Assalam alaikum everybody.....

Alhamdulilah im kemarin sudah selesai ujian, dari ujian tersebut ternyata banyak refleksi yang sarat dengan renungan2 dan nilai tambahan lainnya. Dengan ujian kemarin im bisa tahu gimana kadar belajar im selama sekian bulan, kami mahasiswa juga bisa tahu pola pembelajaran univ. tertua al-Azhar, dan secara implisit kami sedikit banyak [sedikit kok banyak, ambigu banget yah, hehee] tahu metode penyaluran buku2 turats/ klasik karangan ulama' zaman dulu.
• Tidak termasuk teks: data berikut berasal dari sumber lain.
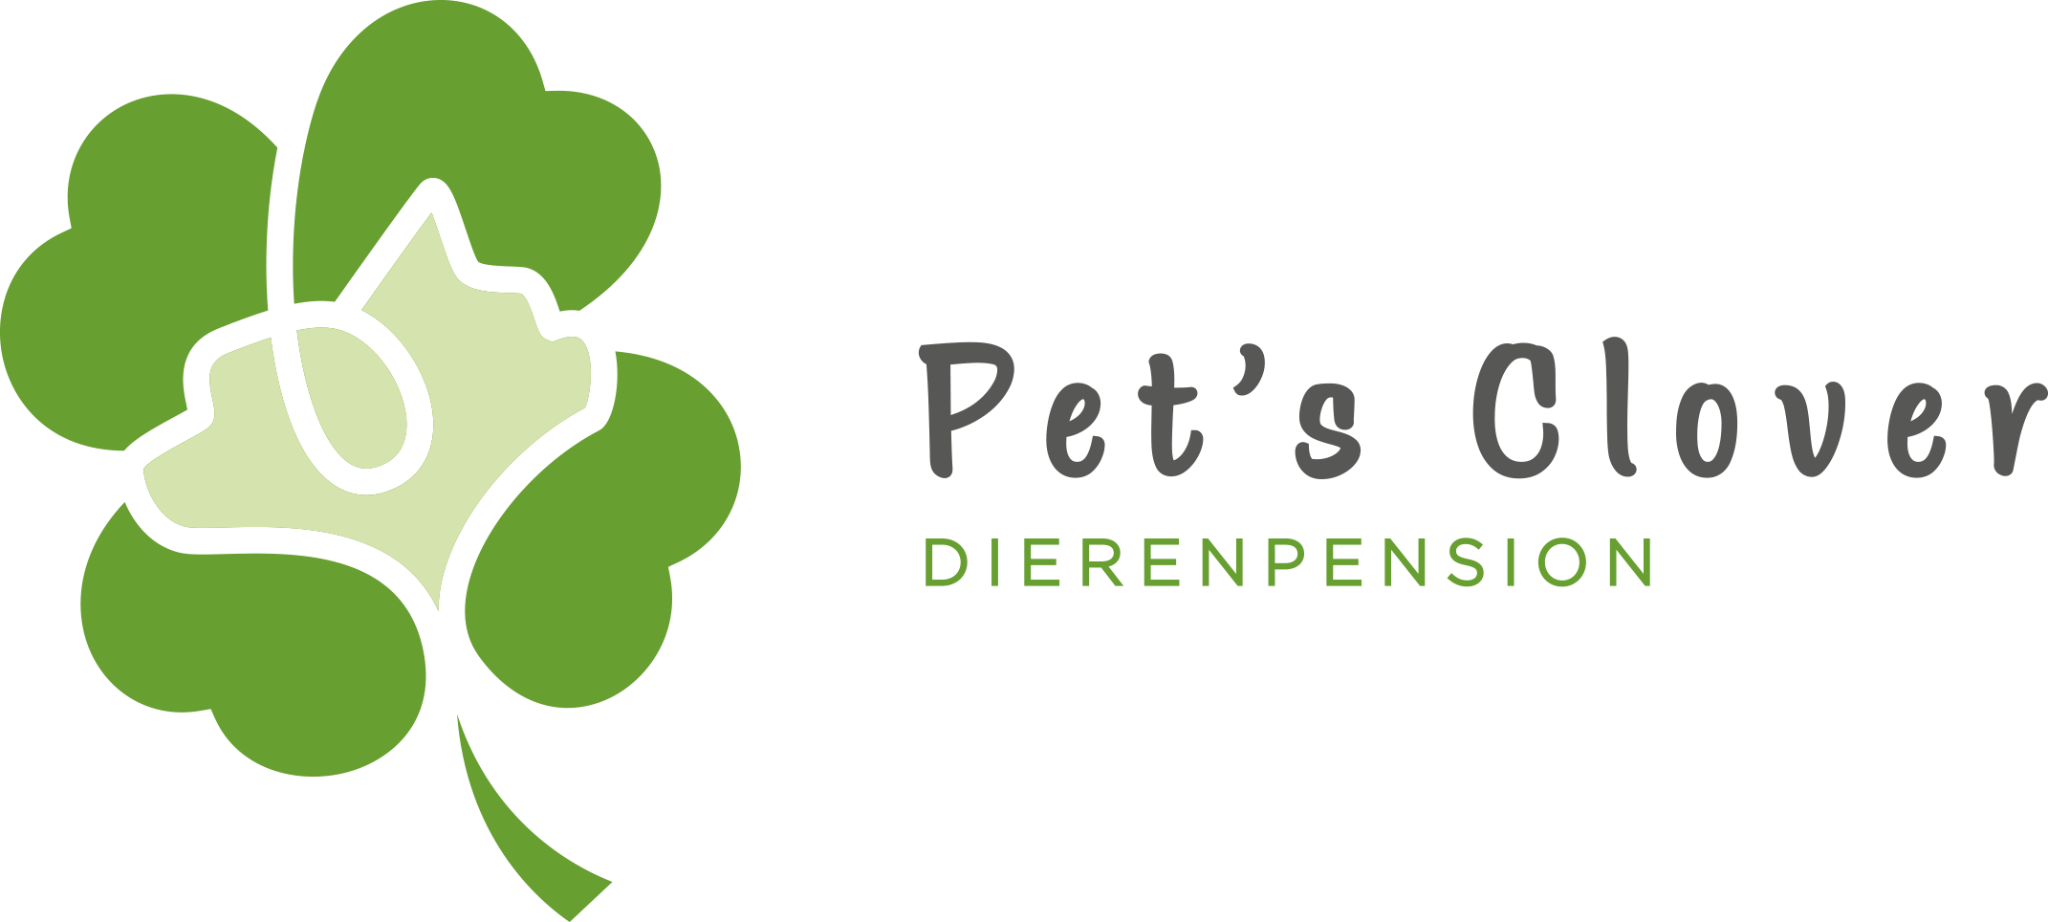 Dierenpension Pet's Clover

Yang ingin im ampaikan disini adalah secuil gambaran [cieh seolah2 gitu kan] terhadap buku2 klasik yang im pelajarin kemarin, terutama dari segi tansiq al-kitab atau sistematika penyusunan buku, itu yang pokok, tapi dari hal pokok tersebut tak urung nantinya bakal mengarah ke isi buku itu sendiri.

Sudah beberapa pekan yang lalu setelah ujian termin I [pertama] im mengikuti acara kepenulisan yang diselenggarakan oleh bulletin Masisir "Informatika". Salah satu sesinya menghadirkan seorang dosen dari UIN Jakarta. Disela2 pemaparan makalah, ada statement dari beliau yang mengatakan bahwa buku2 klasik ulama' kita mempunyai kecacatan secara sistematika penulisan, beliau tidak [baca:belum] mengatakan kecacatan secara komposisi atau matan buku secara pasti. Sesi quick training kebetulan membahas tentang; metode penelitian, langkah2 penelitian dalam kepenulisan ilmiah atau jurnalism.Dalam konteks diatas im kurang tahu pasti, jembatan mana yang menghubungkan antara topik pembahasan dan topik yang dikritisi pemakalah. Oleh karena itu di sesi pertanyaan im ajukan 2 pertanyaan, satu pertanyaan saja yang sempat terjawab oleh pemakalah dan satu lainnya yang berkenaan dengan hal diatas nihil tanpa jawaban.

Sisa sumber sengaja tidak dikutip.